## Instructions to follow
Output the listing below verbatim, without images.

Top of Given material

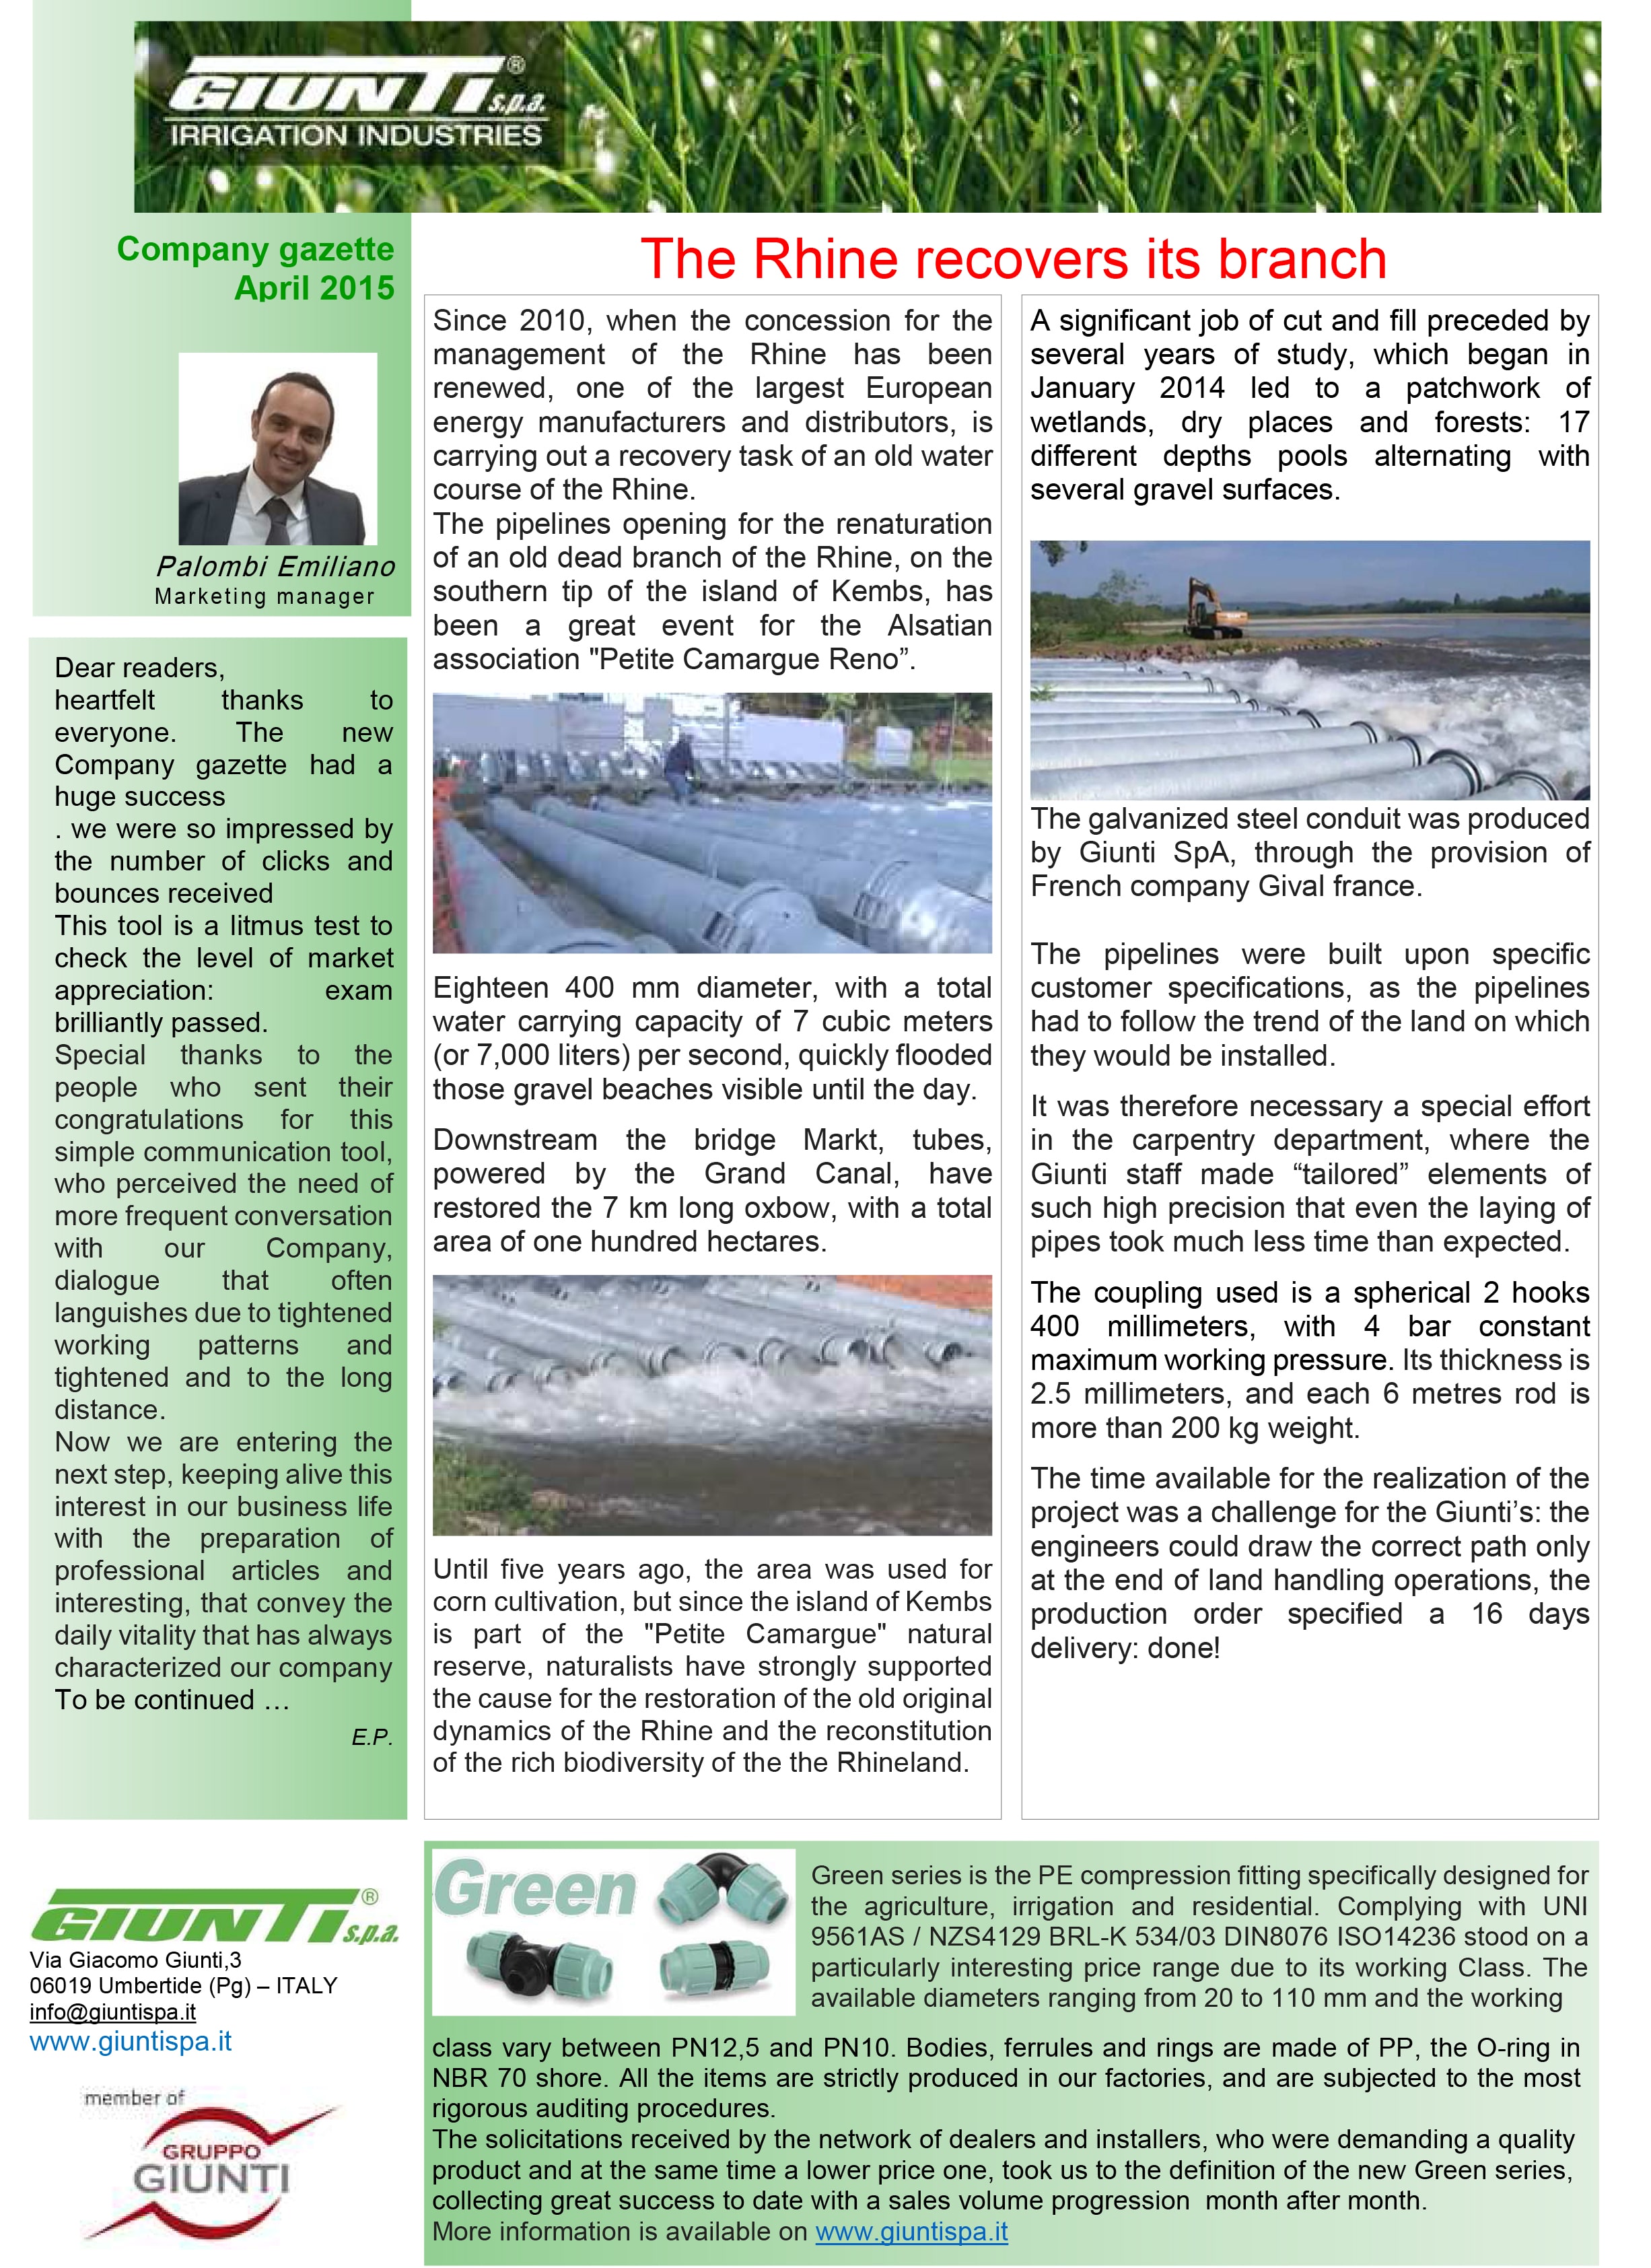 GIUNTI S.p.A. - Newsletter Aprile 2015 - The Rhine recovers its
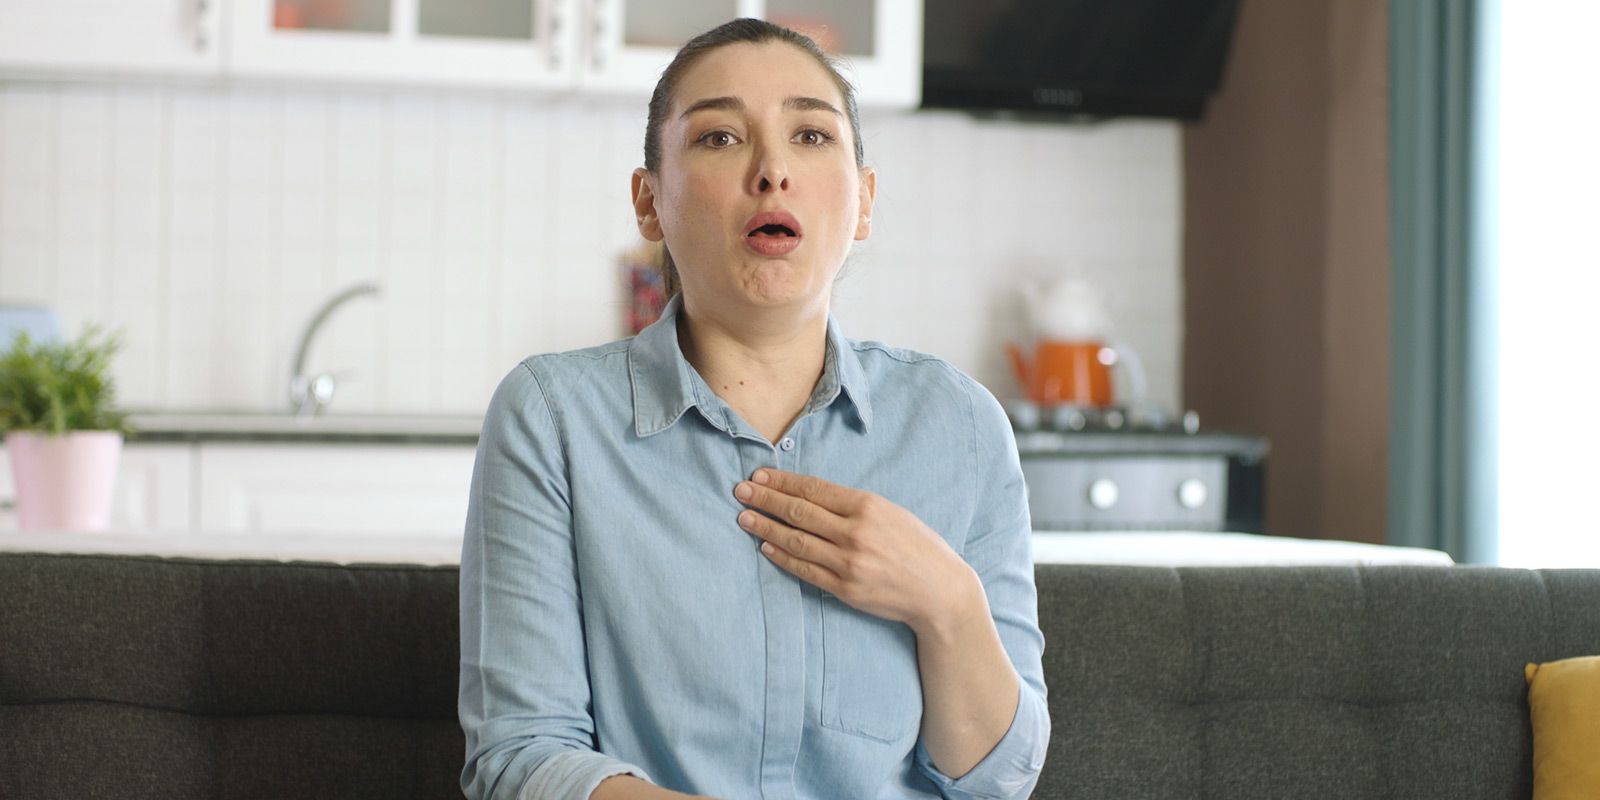 GERD Remedies NYC - Dr. Alicia Armitstead. Natural Remedies for Gastroesophageal Reflux Disease at the Healing Arts NYC Health and Wellness Center in Manhattan NY and Connecticut
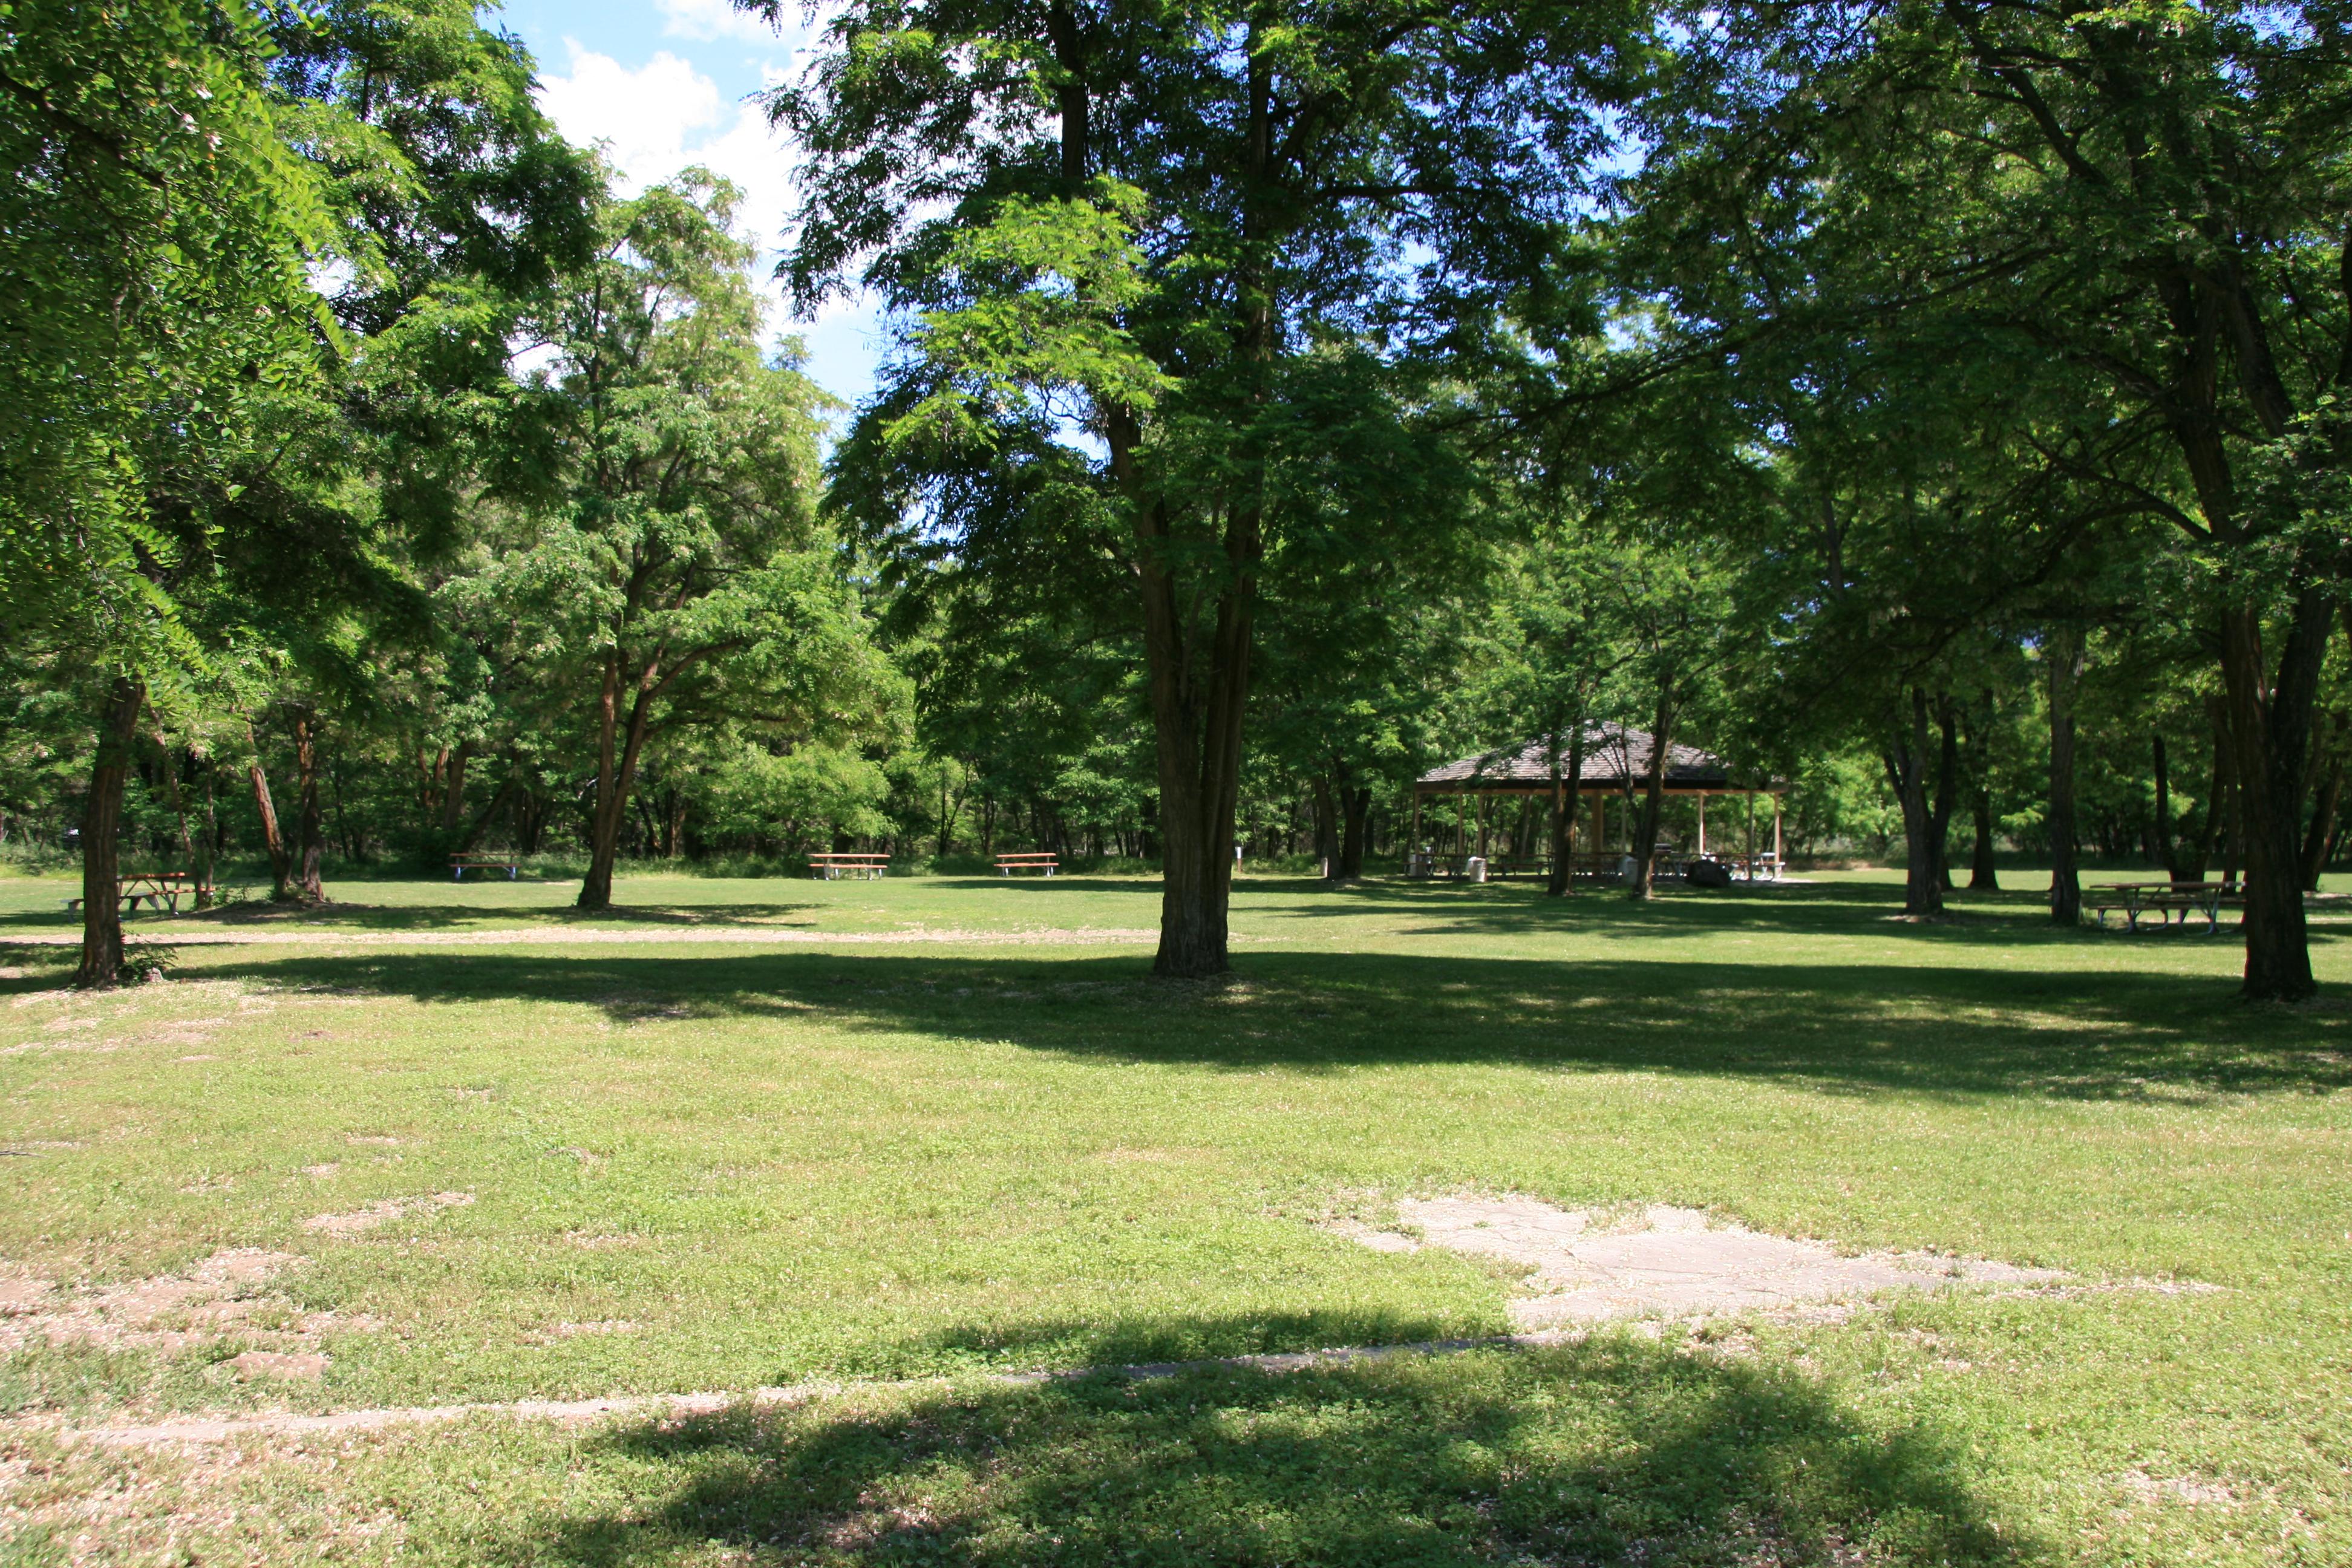 A grassy area with picnic tables and a gazebo beyond.

Bottom of Given material

## Exercise answer
 GIUNTI S.p.A. - Newsletter Aprile 2015 - The Rhine recovers its
 GERD Remedies NYC - Dr. Alicia Armitstead. Natural Remedies for Gastroesophageal Reflux Disease at the Healing Arts NYC Health and Wellness Center in Manhattan NY and Connecticut
 A grassy area with picnic tables and a gazebo beyond.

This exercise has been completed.